Veiller à la juste motivation des décisions
Enseignant à l’Ecole nationale de la magistrature, Jacques Marcant affiche enfin son attachement à la formation, indispensable pour l’efficience et la juste motivation des jugements. « Je m’efforce de faire progresser les juges consulaires, jeunes ou anciens. Se former tout le temps est un impératif, il ne suffit pas de mettre cette robe et d’insérer une obligation de présence dans son calendrier. Il faut éviter que des décisions mal motivées en droit soient cassées. Je me réjouis donc que les nôtres sont le plus souvent confirmées, à l’exception de quelques infirmations partielles. C’est un gain pour tout le monde et pour l’image de notre justice consulaire. Nous démontrons notre pertinence pour aborder les dossiers en contentieux, pour les comprendre, du fait de notre expérience de chef d’entreprise. J’ai pris soin personnellement de me réserver toute l’année tous les contentieux en référé, chaque mercredi. »
Il sent « infuser » cet état d’esprit dans les promotions qui arrivent et s’en félicite. « Je leur dis : "N’ayez pas peur !" parce que le juge est placé entre le marteau et l’enclume et ne sait pas à l’avance quel son il va donner. Je l’ai ressenti personnellement en passant de chef d’entreprise à magistrat. C’est une curieuse alchimie mais elle est possible. » Une alchimie qui s’affranchit également des genres pour ce président qui a souligné l’importance de féminiser les tribunaux. « Les femmes portent des valeurs que les hommes ne montrent pas toujours. Mais dans la prise en charge des dossiers, on attend le même résultat et la même qualité de travail qu’ils soient suivis par les unes ou les autres ! ».

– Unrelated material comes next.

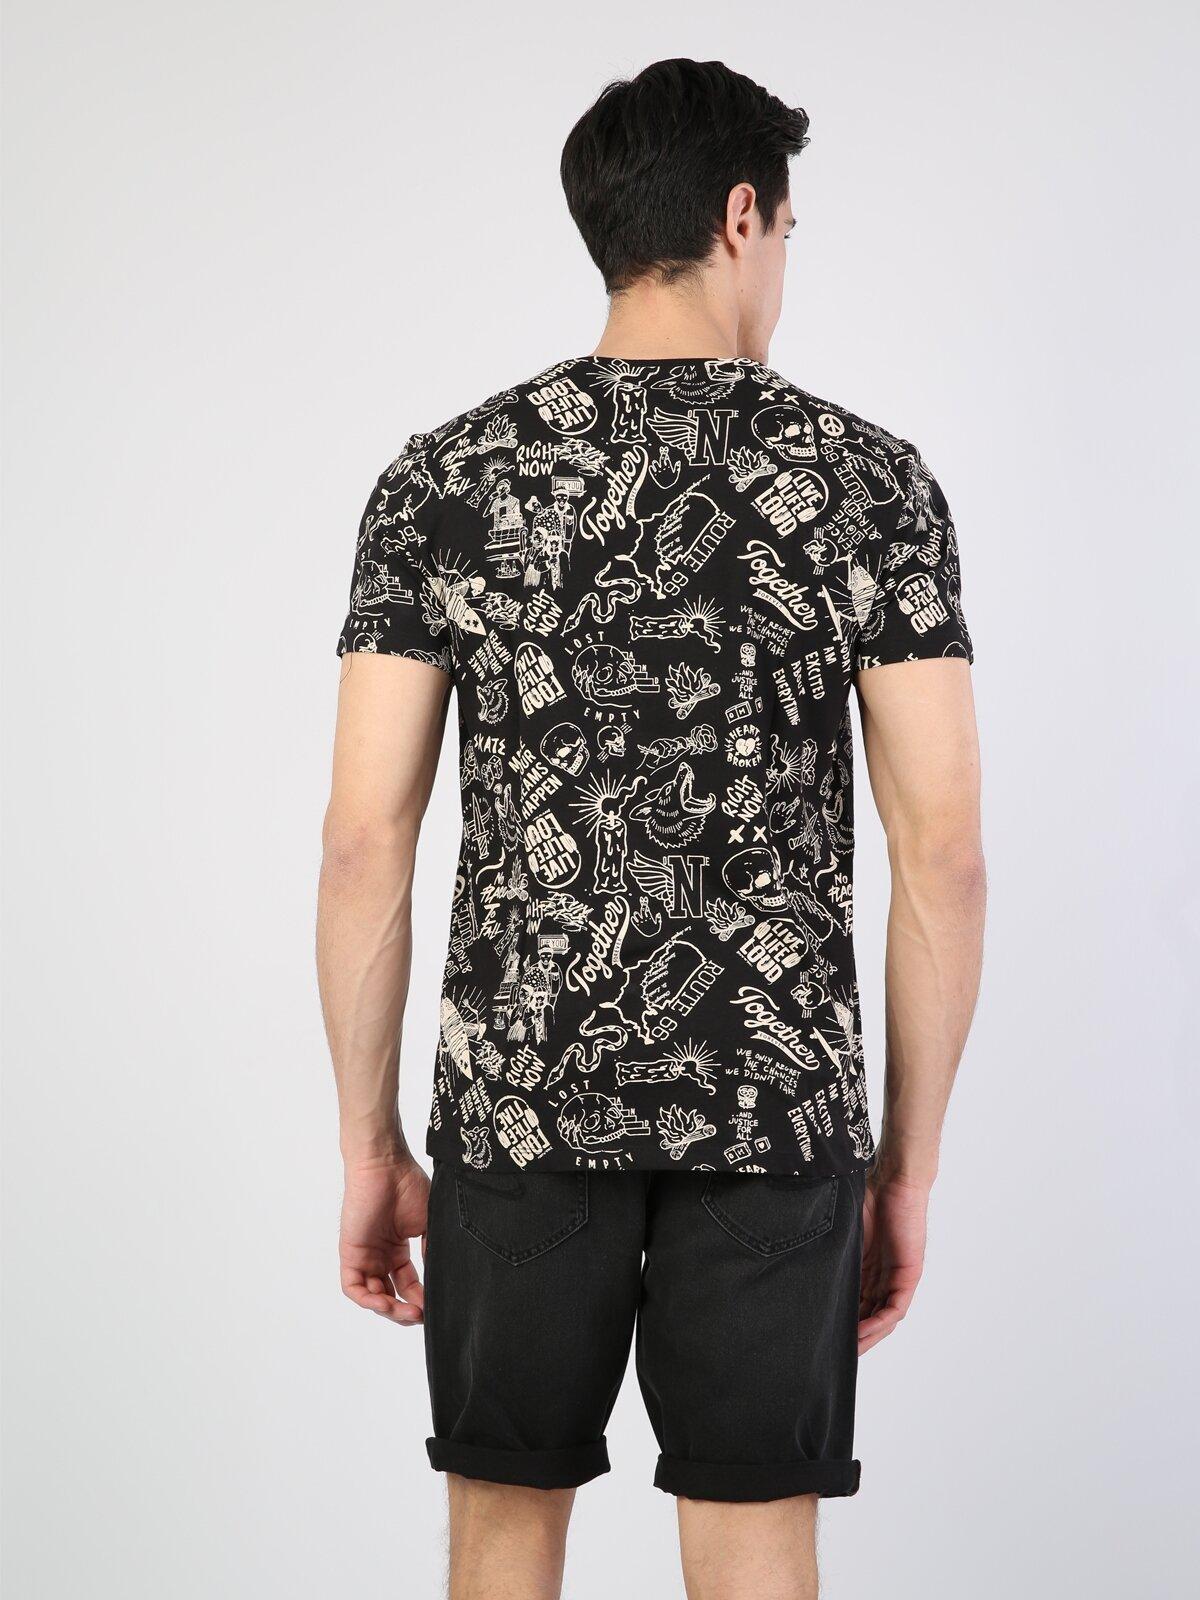 Siyah Yuvarlak Yaka Kısa Kol Tişört

Après le 17 janvier, Jacques Marcant verra de fait le nombre de ses engagements ralentir. Mais il n’entend pas stopper, soucieux de s’impliquer auprès du monde rural, pour sauvegarder des exploitations agricoles. « Fort de mon expérience ici, je veux les aider à trouver des voies de développement auxquelles elles ne pensent pas. Elles sont une merveille pour notre pays et ne le savent pas. »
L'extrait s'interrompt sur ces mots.